Если тенденция – стремиться к тому, чтобы казаться развитым, во всех смыслах, а никак не являться таким, то в этом вина общества. Полноценная вина всего общества. Человек всегда зависит от общества, если он живёт в нём. В этом проблема, которую не видно за толстым слоем безразличия. Именно безразличие даёт полноценную власть невежеству.
Безразличие кругом и всюду. Я от него тоже бежал когда-то и это опять же моя слишком наивная ошибка. Безразличие – элемент социальных ценностей, и я считаю это действительно верным, без сарказма. Безразличие защищает человека от раздражителя тем, что разрешает ему просто не обращать на него внимание, по крайней мере, внешне не показывать этого. Я и сам безразличен ко многому и недоверчив. Я считаю, что это достойно общества. Нет смысла верить в человека. Каков смысл верить в абсолютно нестабильное существо? Не верить даже проще, ибо зависишь только от самого себя и не создаёшь напрасных надежд. Это натолкнуло меня на ассоциативный момент в истории моей жизни.
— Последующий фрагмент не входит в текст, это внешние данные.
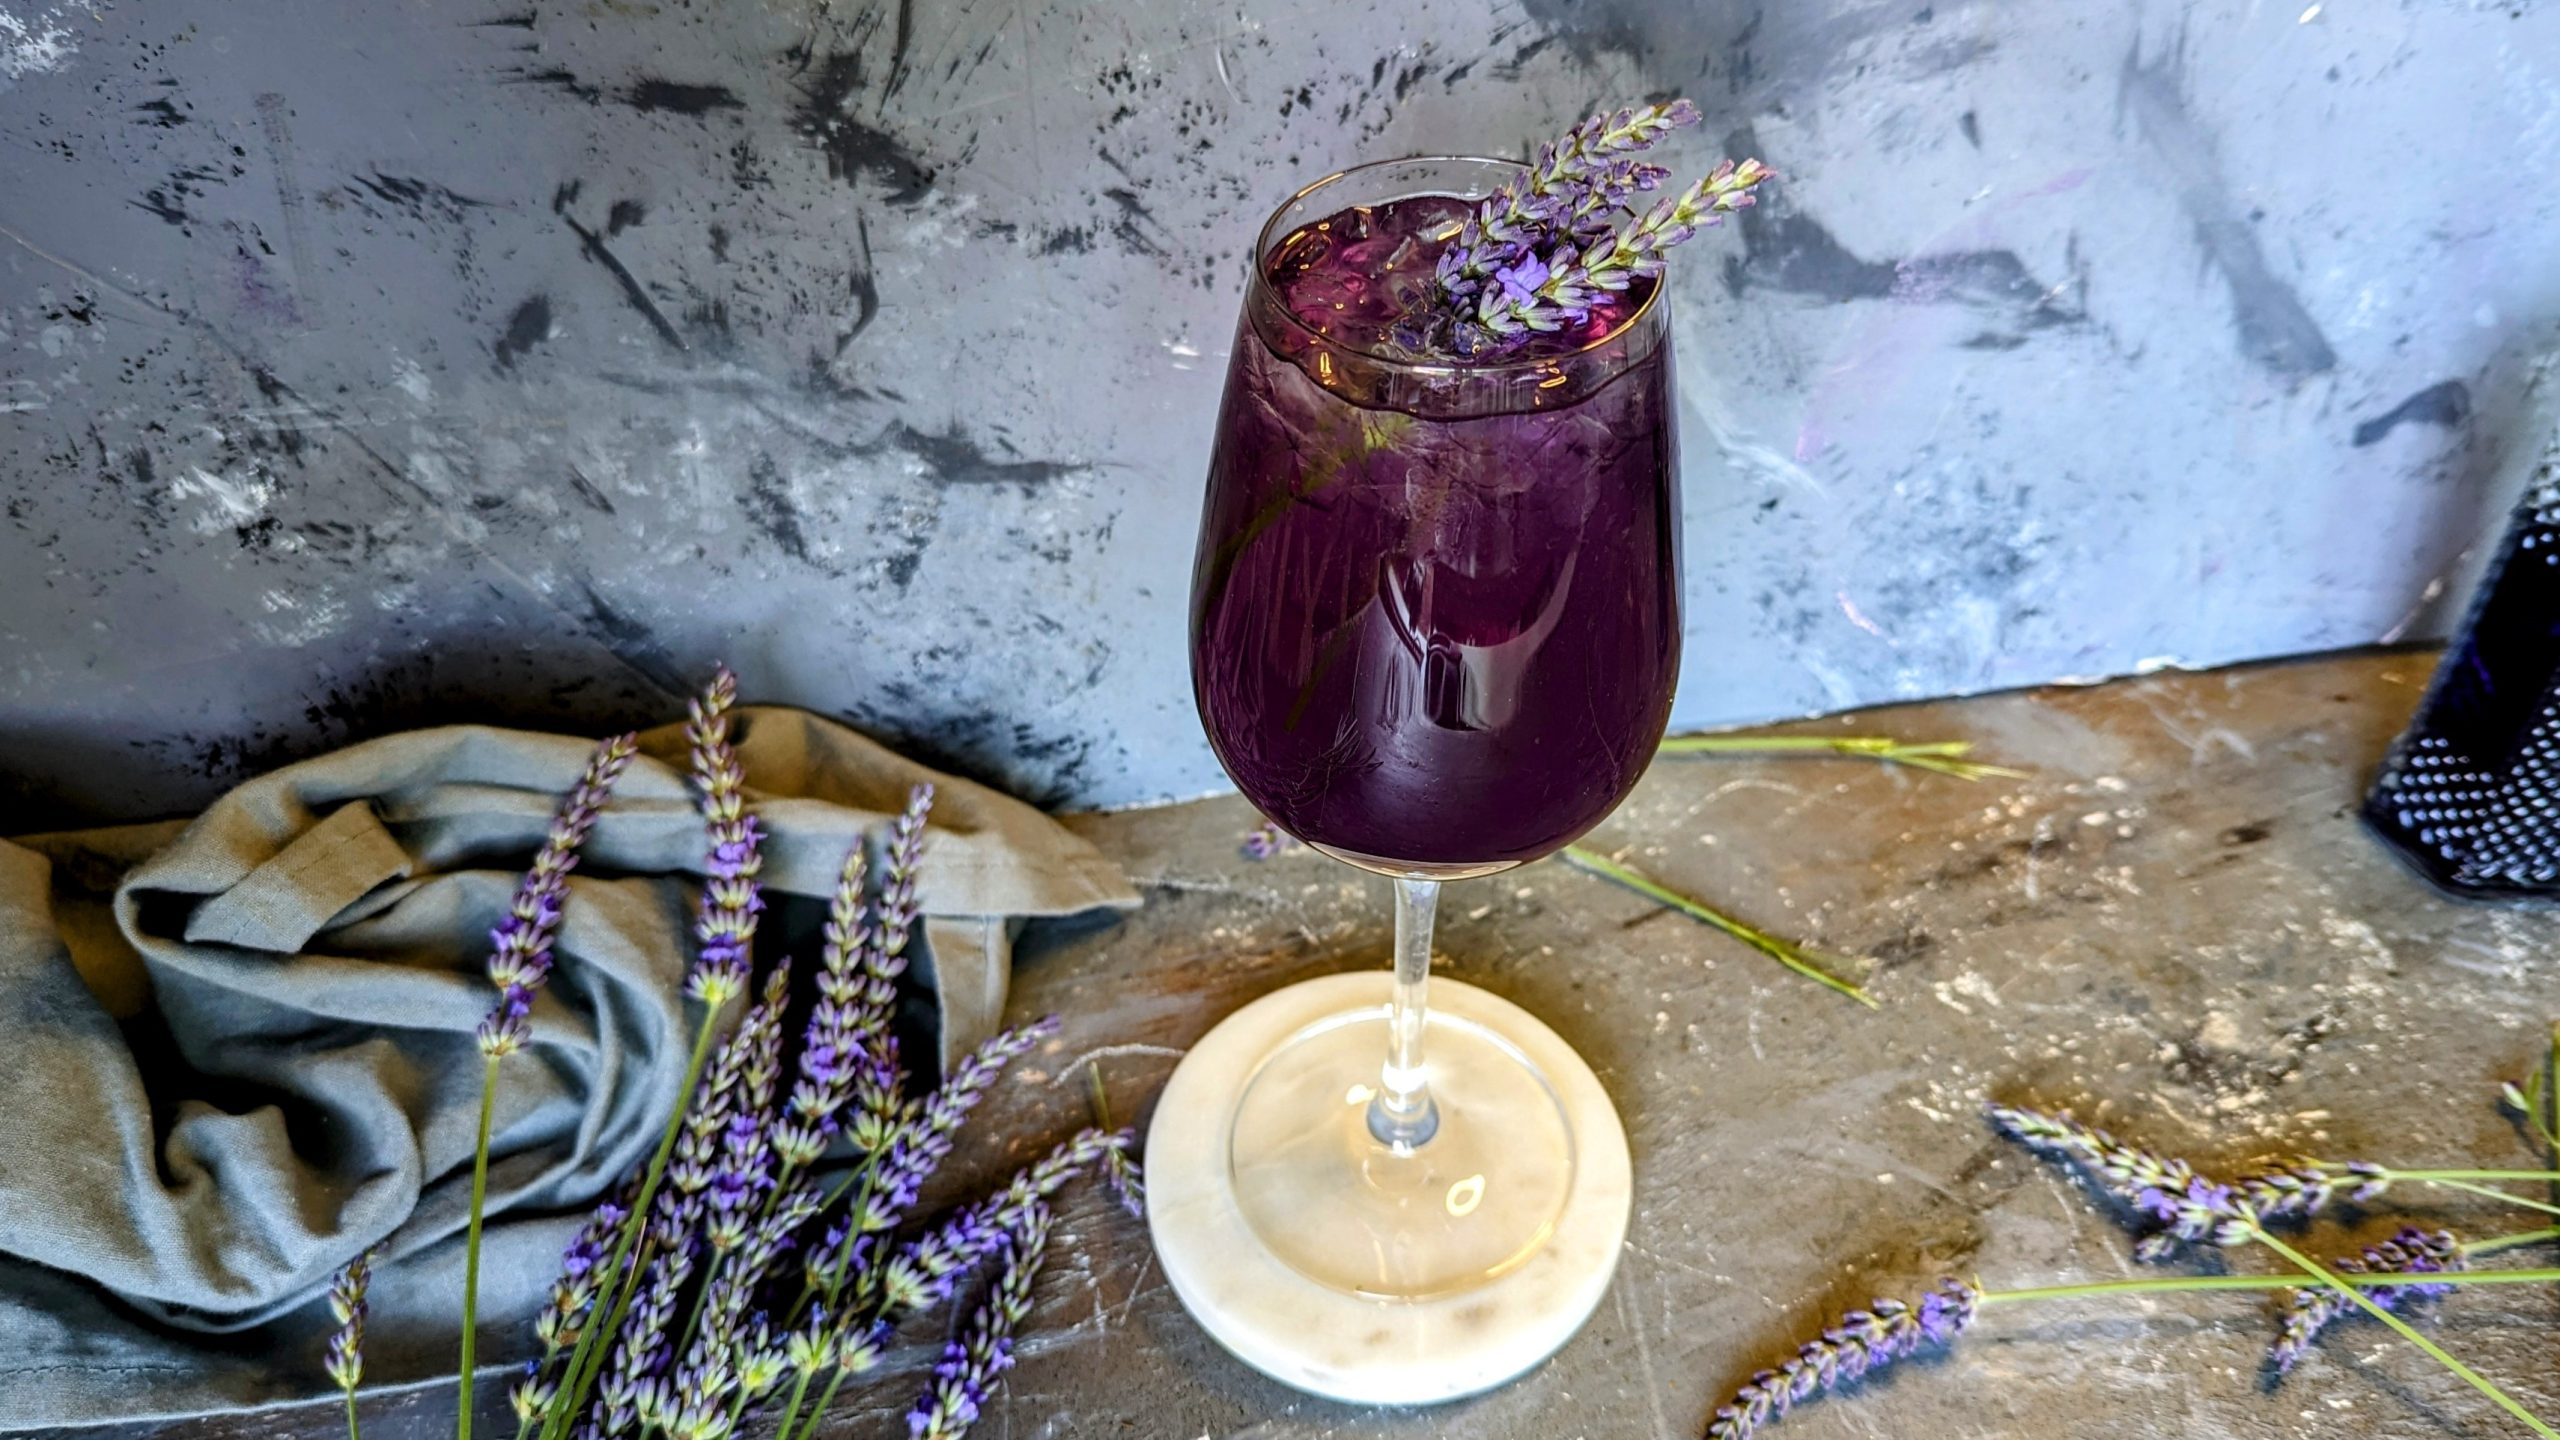 Ein Glas mit dem Lavendel Spritz auf grauem Untergrund mit frischen Lavendelzweigen und einem grauen Tuch. Alles von schräg oben fotografiert.
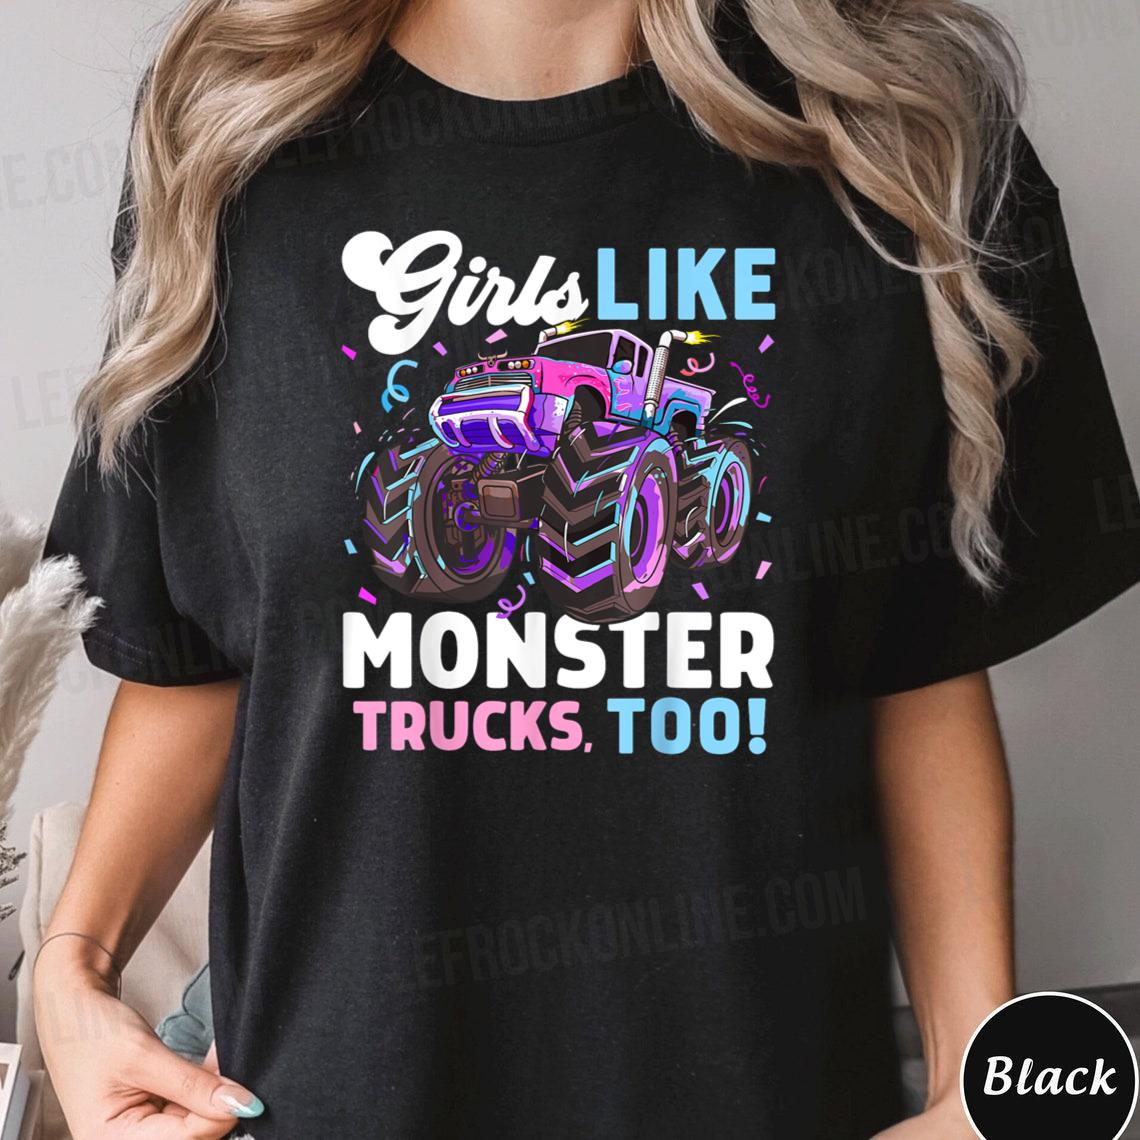 Cute Monster Truck Girls Like Monster Trucks Too

Как-то раз сидели мы с Геной и вели задушевный разговор. Был вечер, и мы обычно выпивали. Помню, Гена сказал:
– Как тебе Кристина?
– Я чувствую, что она мне нравится, она классно целуется, вкусно пахнет. Меня возбуждает её голос – он такой, понимаешь, приятный, – ответил я.
– Повезло тебе, парень, – грустно сказал он, но я сделал вид, будто этого не заметил. Я знал, что он хотел, чтобы я спросил у него типа: «Ты в порядке? что-то ты грустный». Он делал всё, чтобы я это сделал: и выражение лица, и тот же тон голоса. Но я ненавидел такие намёки, поэтому сделал вид, будто не понял его намёка. Мы сидели, молчали, и я ожидал повторных действий от него. Я чувствовал превосходство в своём искусственном притворстве. Он вымолвил:
– Ты её любишь?
– Честно? Не знаю, – сказал я. «Странный вопрос. Ах да, мы же под градусом – совсем забыл».
– Я думаю, у вас всё должно быть прекрасно.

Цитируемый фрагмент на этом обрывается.